Wandering Jack
How does one prepare for such a role? “You cheat,” laughs Reynor. “I got very good at finding things out that I wasn’t supposed to know. They used to call me Wandering Jack. I’d be hanging around doors and listening just to find out something, anything, about what was happening the next day. Just so I could be a little bit prepared for it.”
Dollhouse was Reynor’s first major film role – he shot What Richard Did after that – though it’s not his first time on set. Growing up in Wicklow he was, he reckons, an “insane movie fan”, an obsession that first attached itself to Bruce Willis in Die Hard. “I used to watch a ridiculous amount of movies every night,” says Reynor. “Die Hard got me into the whole thing. I think I was seven. I had a taped copy which had been on RTÉ1. I would watch that movie three times in one day. It was mad.”
Not long after, in 2000, Reynor and his family were extras on director Kevin Liddy’s Country. For the rest of the clan it was just some fun and the novelty of a film shoot in their locale; for Jack, it was a way to cajole his way into the limelight.
“I was goofing around the set after school one day and I walked up to somebody and said, ‘Is there any chance I could be in this?’ And they sent me over to wardrobe. The director called me over to do a close up and once the camera was on me, this is all I want to do now.”
Before Lenny Abrahamson and Sheridan came a-calling, Reynor was best known for that earworm milk ad with the dancing skeleton: “Do you remember the one? ‘Them bones, them bones need calcium’?
“Yep. That was my claim to fame until I was 18. I’d be going ‘yeah, I’m going to be actor, I’m going to be an actor’ and everybody ripping the piss out of me singing that song.”

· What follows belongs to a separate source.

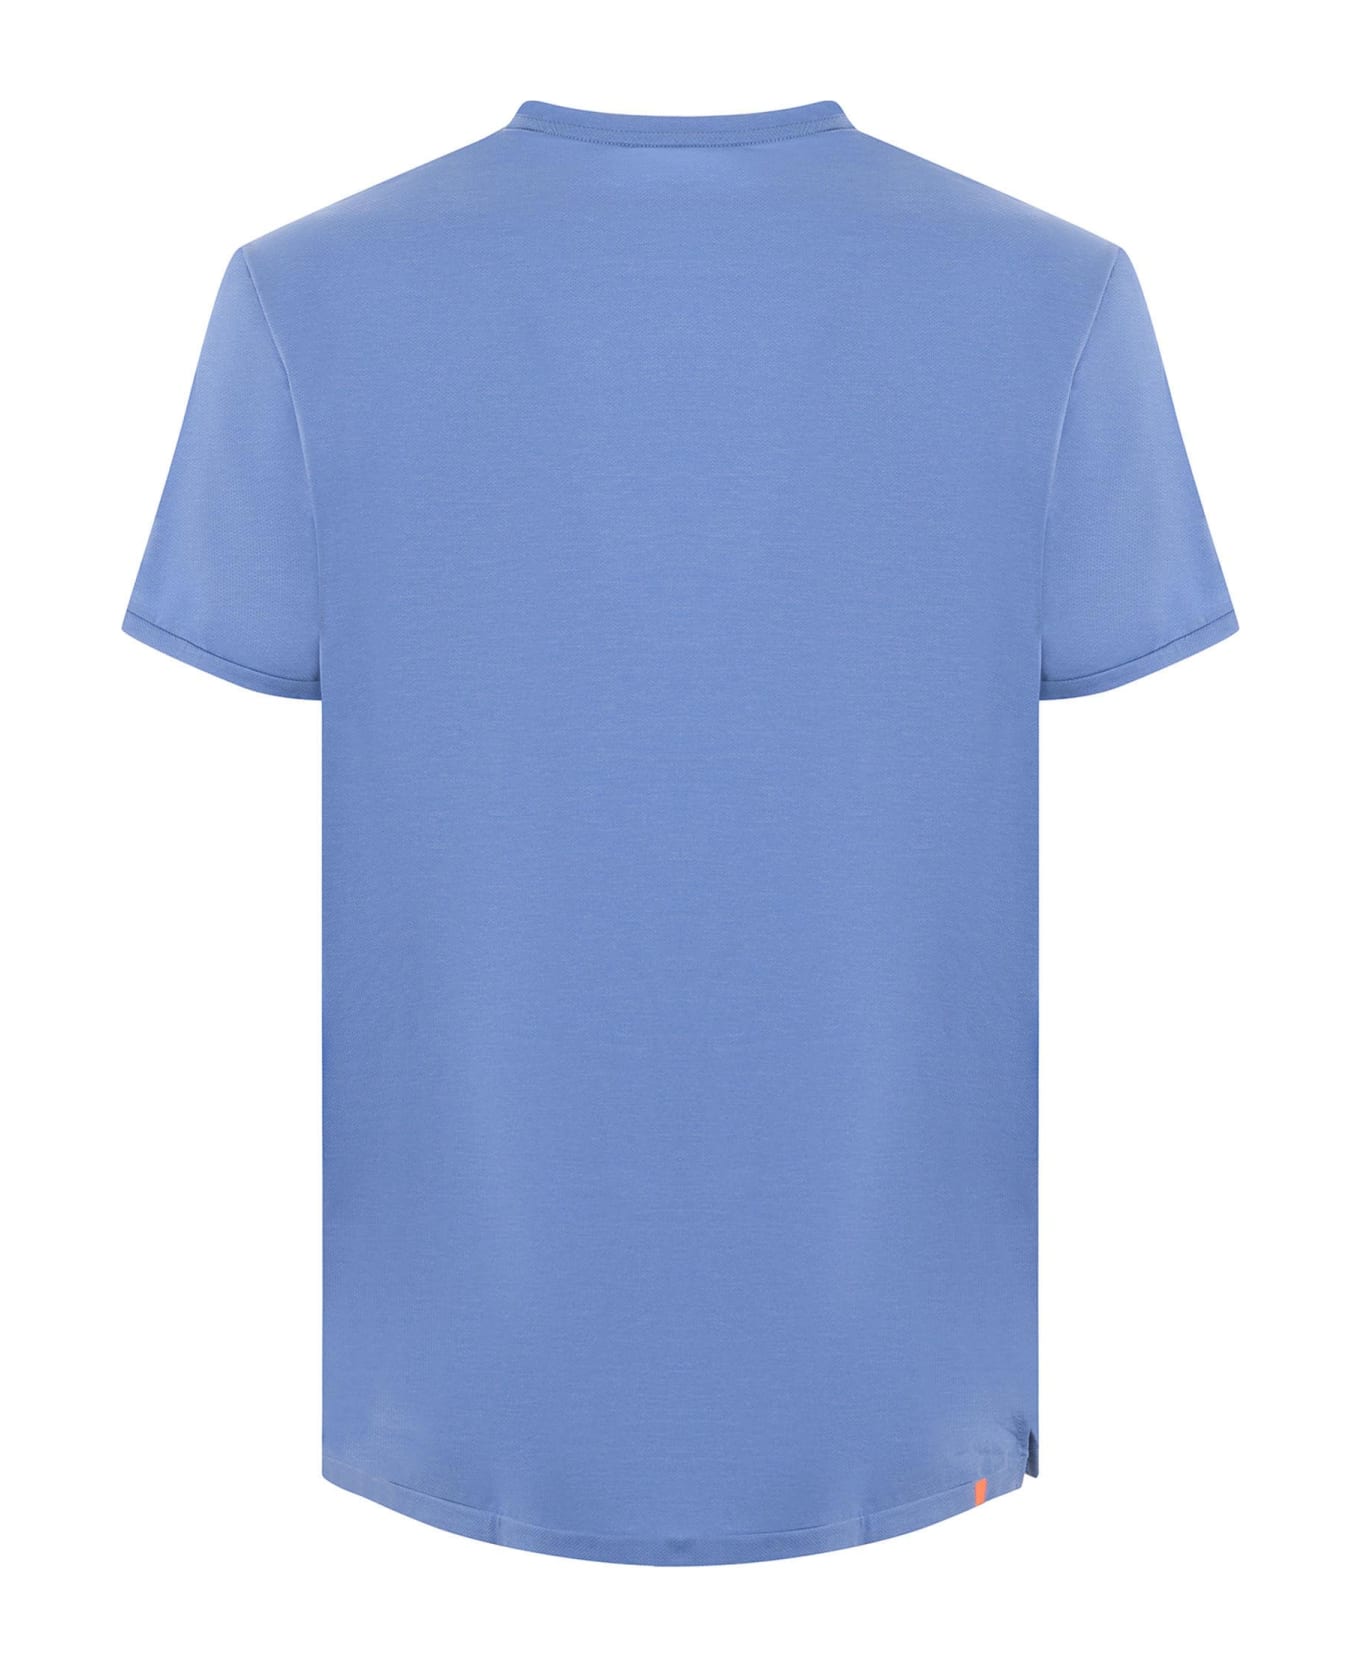 RRD - Roberto Ricci Design 'summer Smart' T-shirt - LIGHT BLUE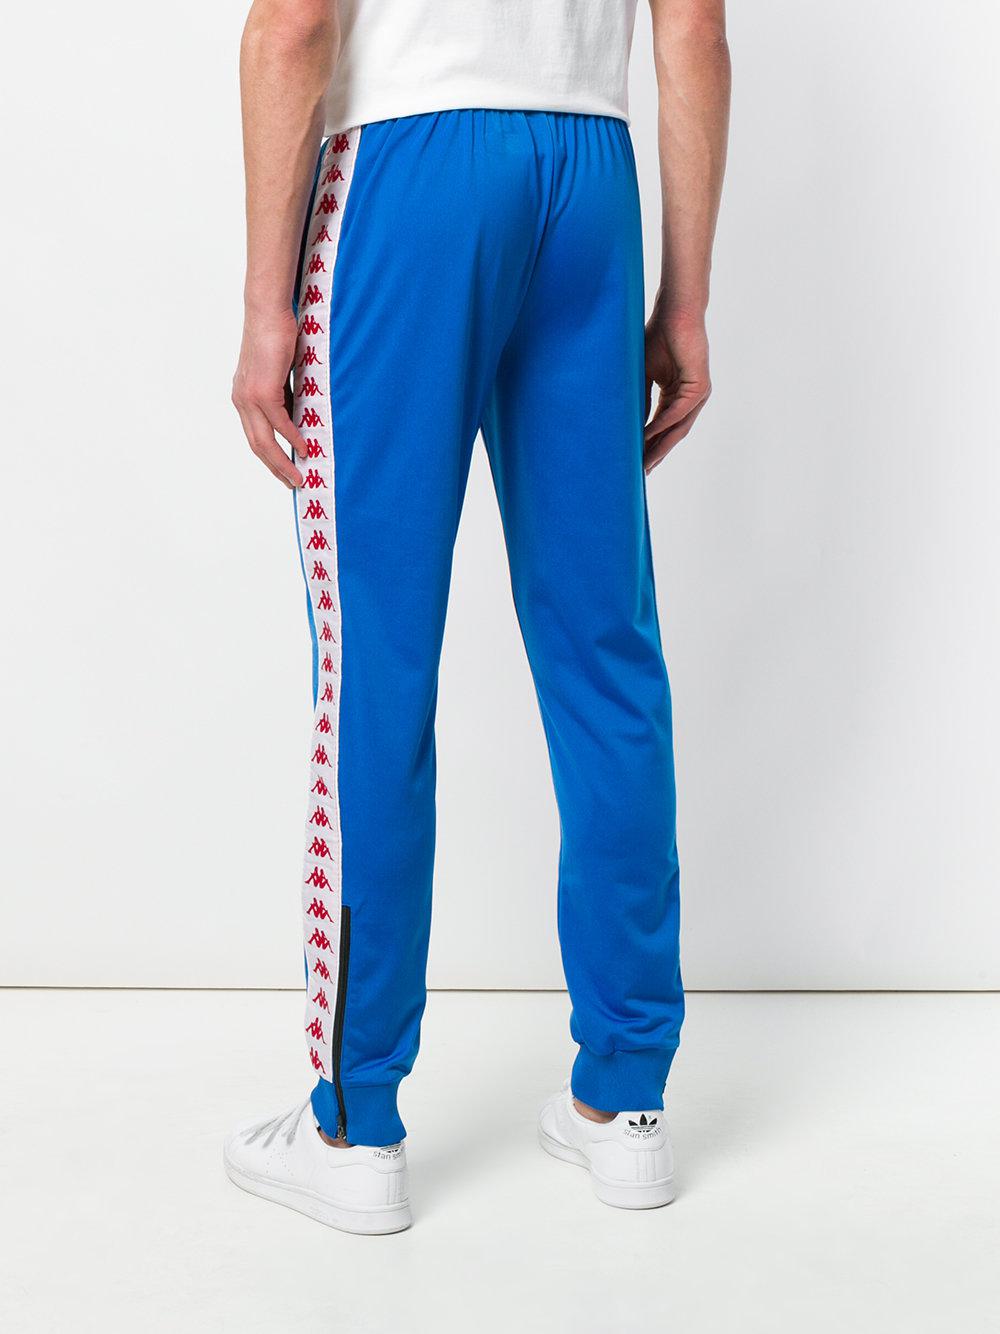 Kappa Side Stripe Track Pants in Blue for Men - Lyst

What kind of cocksure nine-year-old begs his way onto a film? Reynor does have an antecedent. His uncle Paul played Harry Molloy on Fair City. Still, Reynor the younger suspects his chutzpah comes from his mother, the human rights activist, Tara O’Grady.
And more precociousness: he has already shot a documentary on the Bahrain Rehabilitation and Anti-Violence Organization (Bravo), the organisation his mother founded to help protect rights and democracy in the Middle Eastern kingdom. “If I’m brave, 99 per cent of it comes from my mother,” says Reynor.
“She’s the bravest person I know. She’s inspirational.”